For the Kremlin, the domestic presentation is the most important part. Russian media can speak about the number of signed documents, information cooperation, joint declarations and the image of Putin being received by Xi Jinping. This creates the impression that Russia is not isolated. The problem is that behind this façade there is no qualitative breakthrough. What we can see instead is Russia’s growing dependence on China.

China is playing this much more patiently. Beijing does not have to say openly that Putin is weaker. It is enough not to give Moscow what it really wants: full political backing, breakthrough economic agreements, visible military protection or direct involvement in the confrontation with the West on Russia’s side. China supports Russia where it is profitable, but it will not pay the price for Russia’s war against Ukraine.

This matters for Europe. Russia’s growing dependence on China does not mean that Russia is less dangerous. It means that Russian policy will increasingly be shaped by the broader China-US rivalry. For Poland, Ukraine and the Baltic states, the key lesson is that Russia may be economically weaker, but it remains militarily aggressive and politically ready to destabilise Europe.

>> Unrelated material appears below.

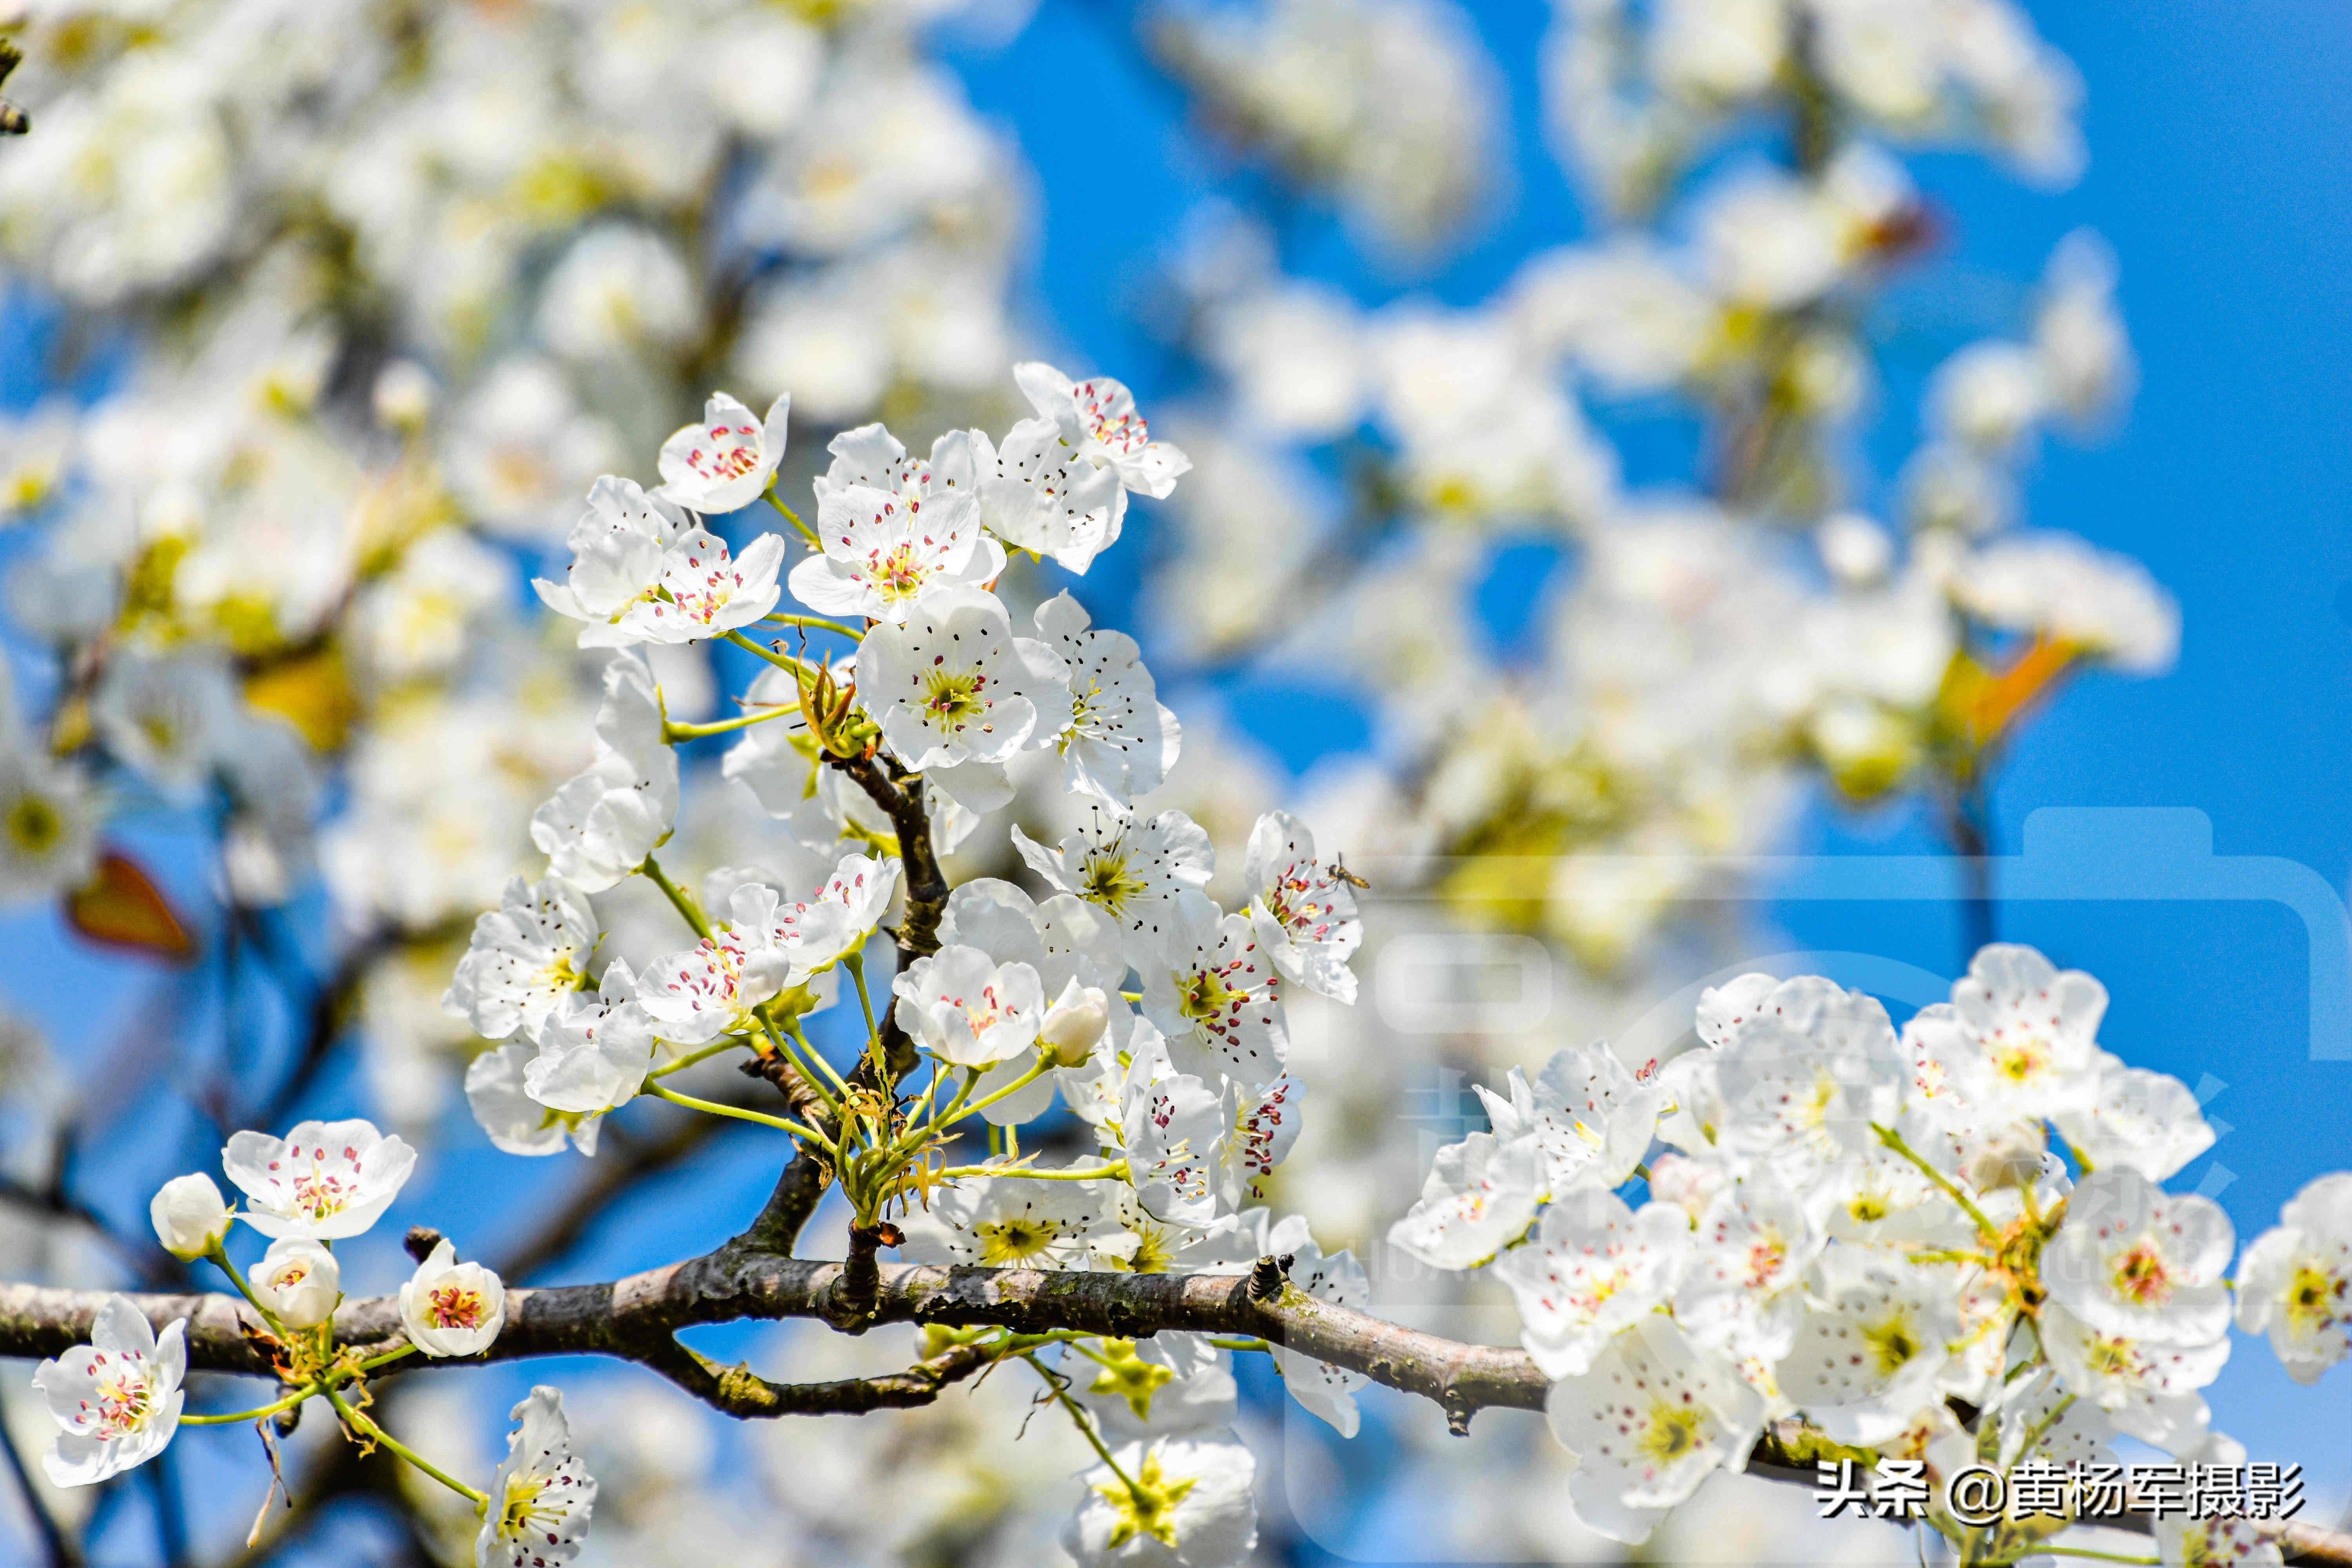 蓝天下洁白如雪的梨花,清香艳丽的花朵非常漂亮,花开靓艳含香

That is why Tyshkevych’s text is important not only because it describes Putin’s diplomatic weakness in China, but because it shows the mechanism of that weakness. There was no public humiliation, no sharp communiqué and no theatrical distance. There was something much more Chinese: a polite reception, many documents, little substance and a clear signal that Russia has far less room for manoeuvre than it wants to show its own society.

Of course, this assessment is based on the Ukrainian reading presented in the NV text. That matters. Russia and China will certainly present this visit differently and will emphasise continuity, partnership and anti-Western coordination. Ukraine also has its own view of relations with China. Kyiv understands that Beijing is important, but at the same time keeps its distance, because it knows that it will not receive much from China while Beijing continues to calculate its interests through the prism of Russia, the United States and its own global position.